Killing a baby in the womb is not a RIGHT anyone has. It's not right for a boyfriend to stab his pregnant girlfriend and kill the baby. Why should it be ok for the girlfriend to choose that on her own? Who's rights are we protecting? A privilege, maybe. The privilege to kill without feeling entirely guilty because it's not illegal. Yeah, I suppose it's a privilege. But then maybe we could also have the privilege on the books of not having to obey the speed limit on the highway when you're late or in a hurry because it's more convenient. If the argument, "Whatever is best for you is the right decision" works for you...please consider other times that advice could be given and see if you would have the same answer: "It was best for me to drive home drunk because I didn't have a way to get back to my car the next day". "It felt best to me to go 50 in that school zone because I was late for a really important meeting (sorry about hitting your kid)." It was in my best interest to kill that guy - he was hurting my friend." (a side note...isn't it interesting that "Earl had to die" was pulled from radio play, but "Gunpowder and Lead" and it's clear 'pre-meditation' is played at least a few times a day?!? They're fun songs to listen to, but do they really inspire those kinds of actions and renegade justice? Who knows...I prefer to remain cautious and just listen to them in the privacy of my own home. I don't think Chip has anything to worry about...*smile). "It was really in my best interest to take Meth - I needed it to make it through the day." I could go on, but you're probably already not reading because you're mad at me.
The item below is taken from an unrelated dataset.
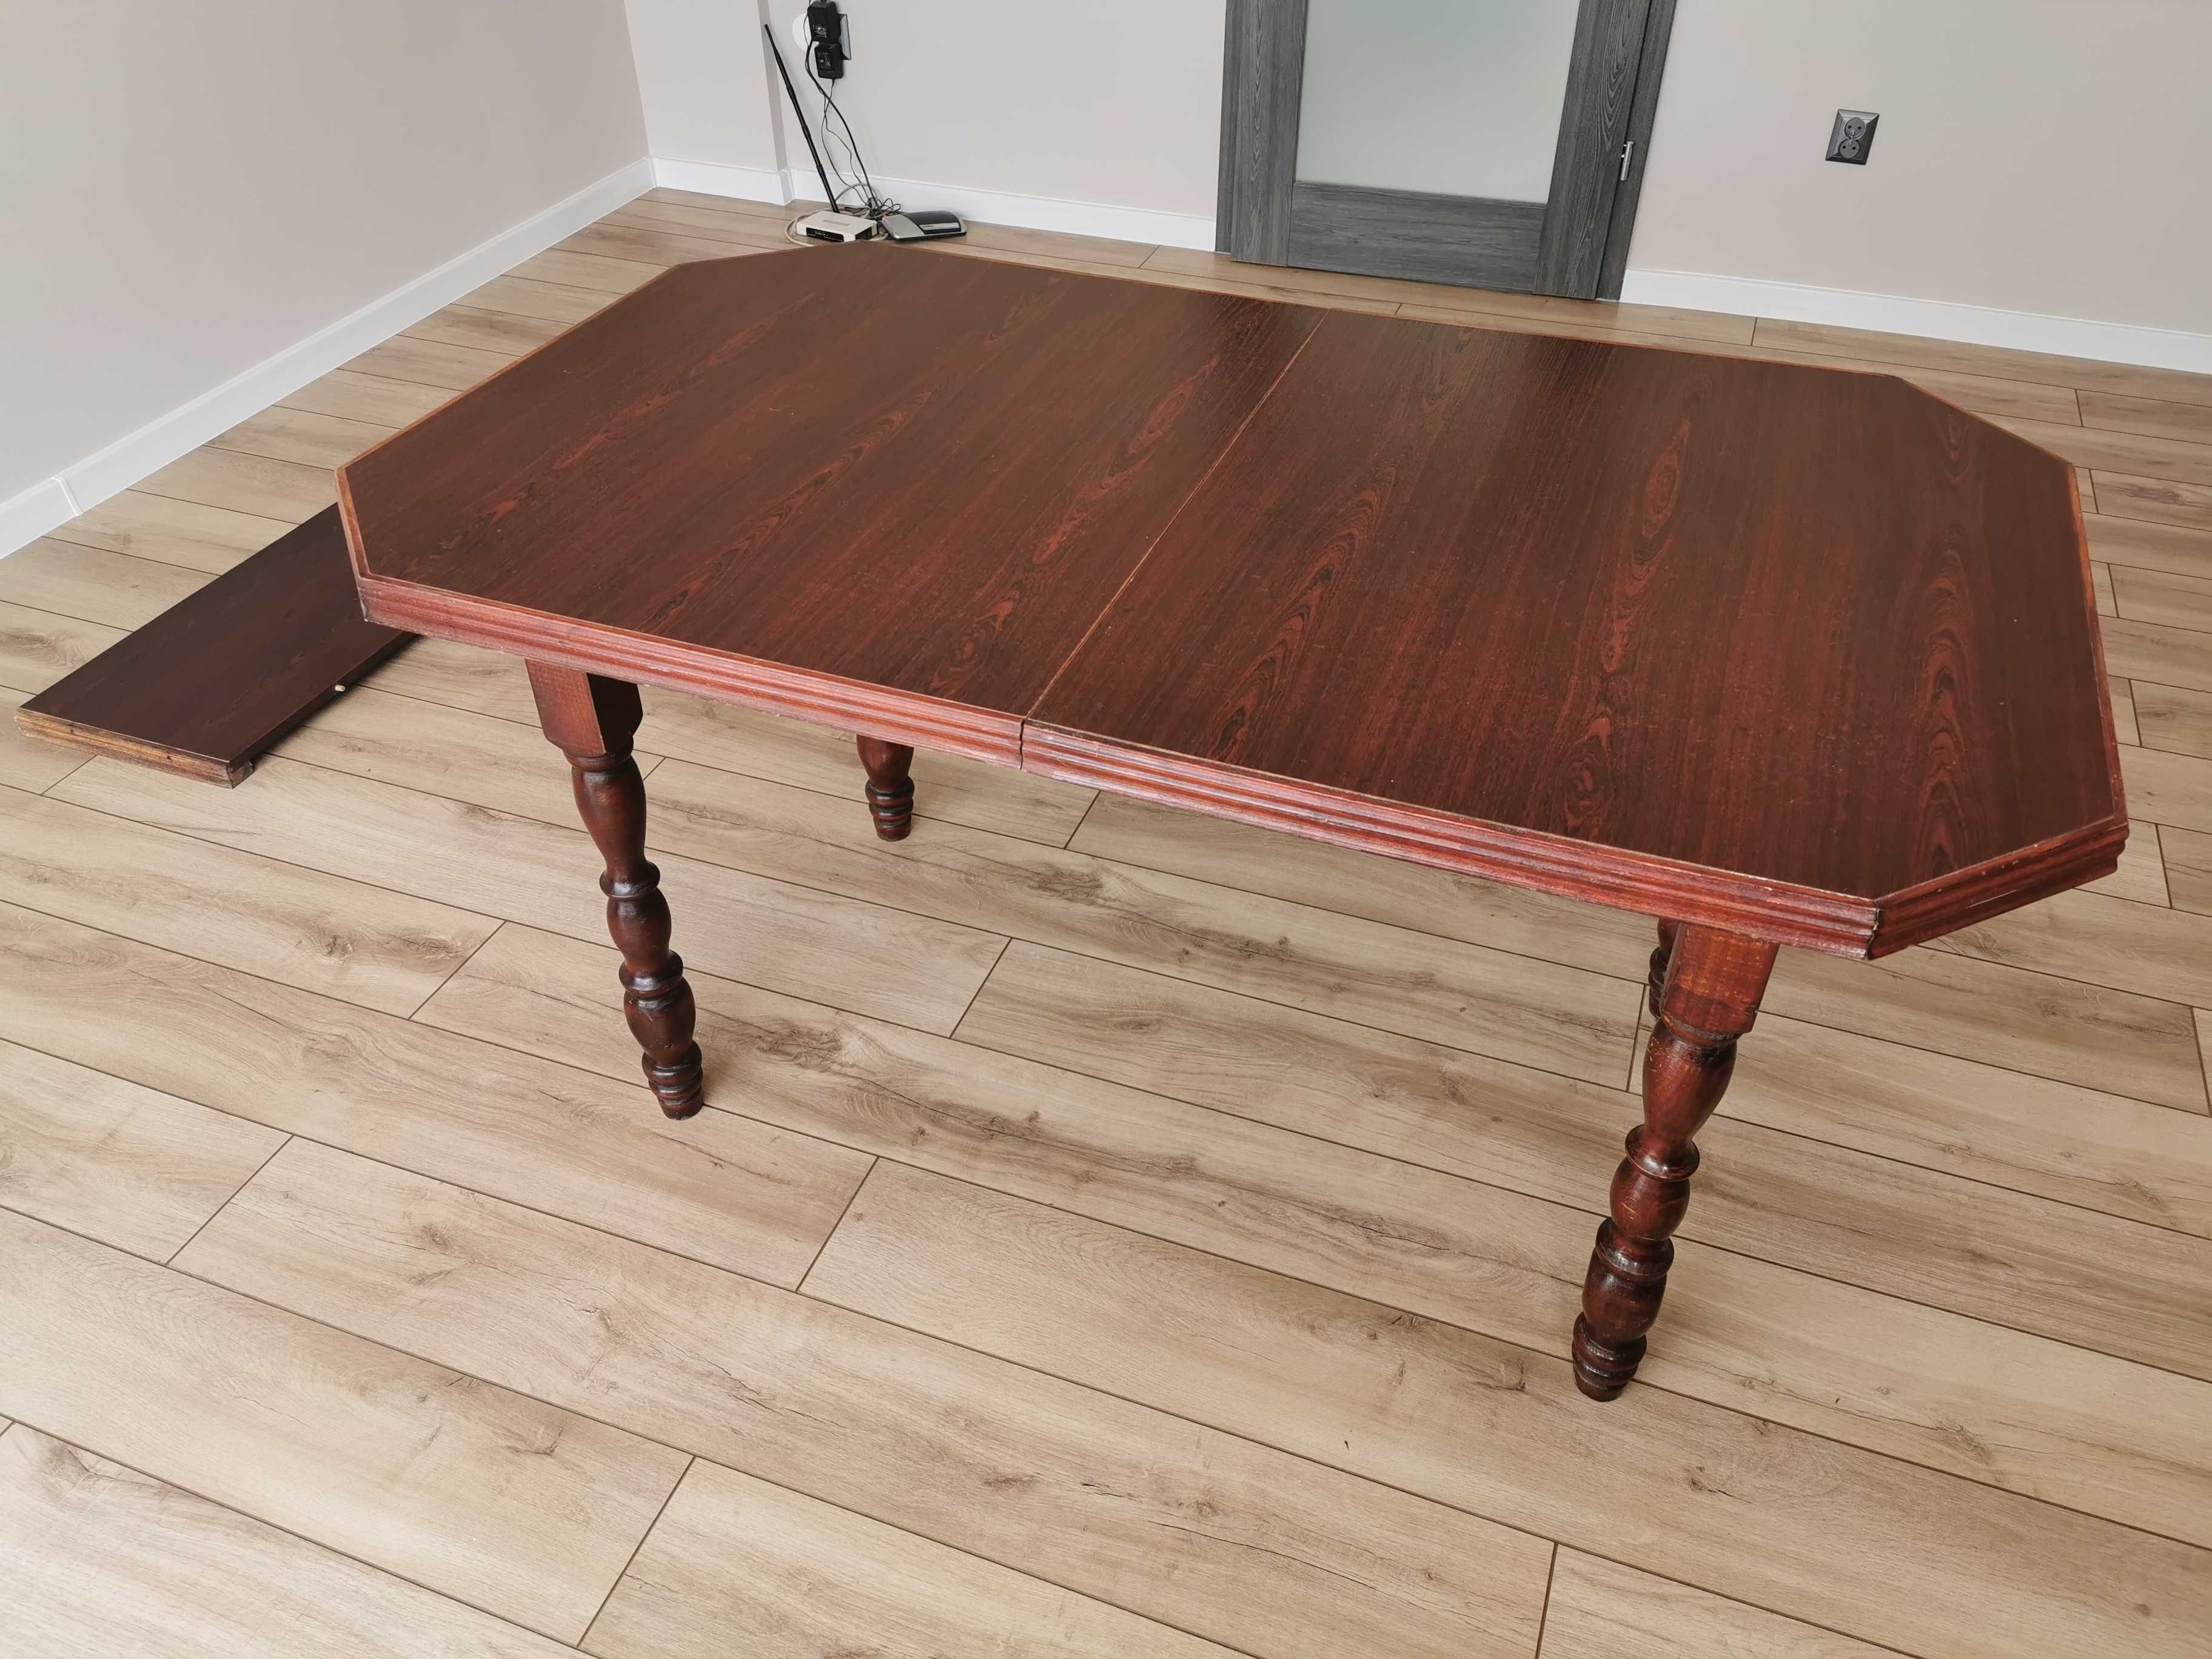 Stół rozkładany mahoniowy rzeźbione nogi elegancki antyczny
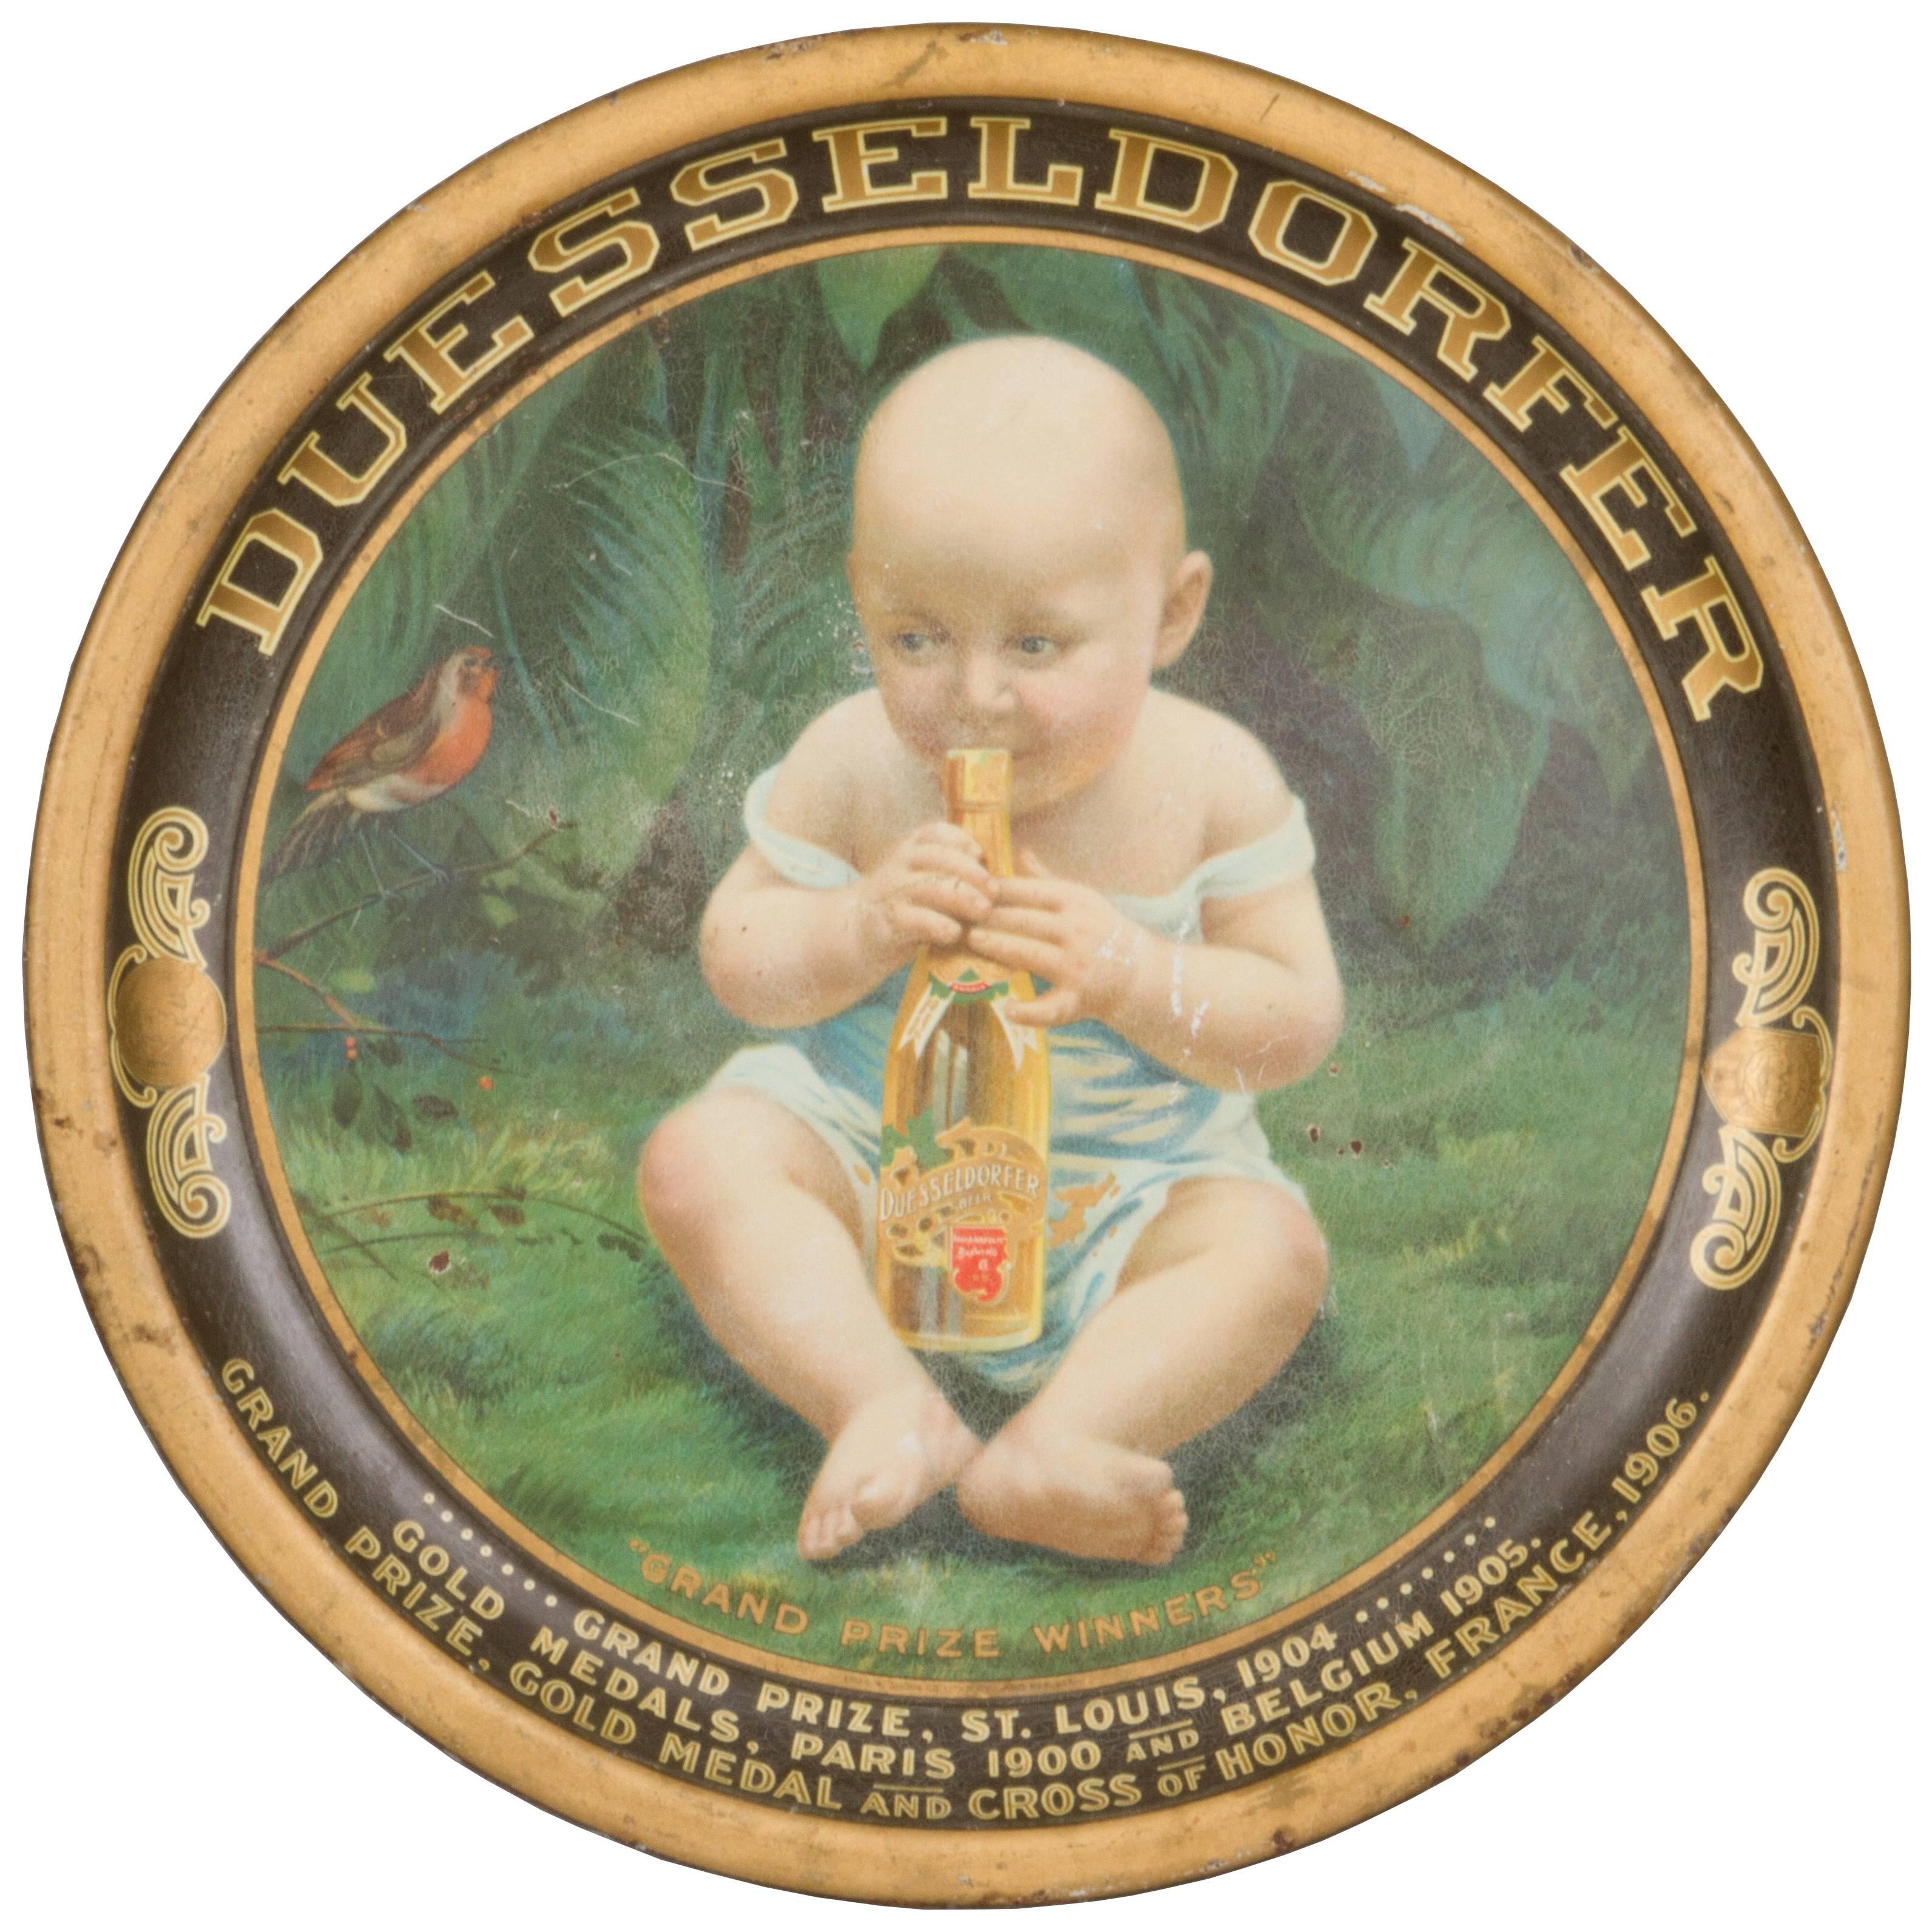 Rare Duesseldorfer Beer Award Tray

Well, once every 10 years, I should probably make my opinion known. At least in this non-invasive forum that most people I know stopped reading long ago, anyway (thanks for being faithful Lana! Hope I didn't just make you a former reader!!).
Giving women the right to take lives out of their womb totally removes the right for me to grieve for, and love, and cherish my babies and to praise God for their brief existance, and for my friends to do the same. And I refuse to give THAT right away!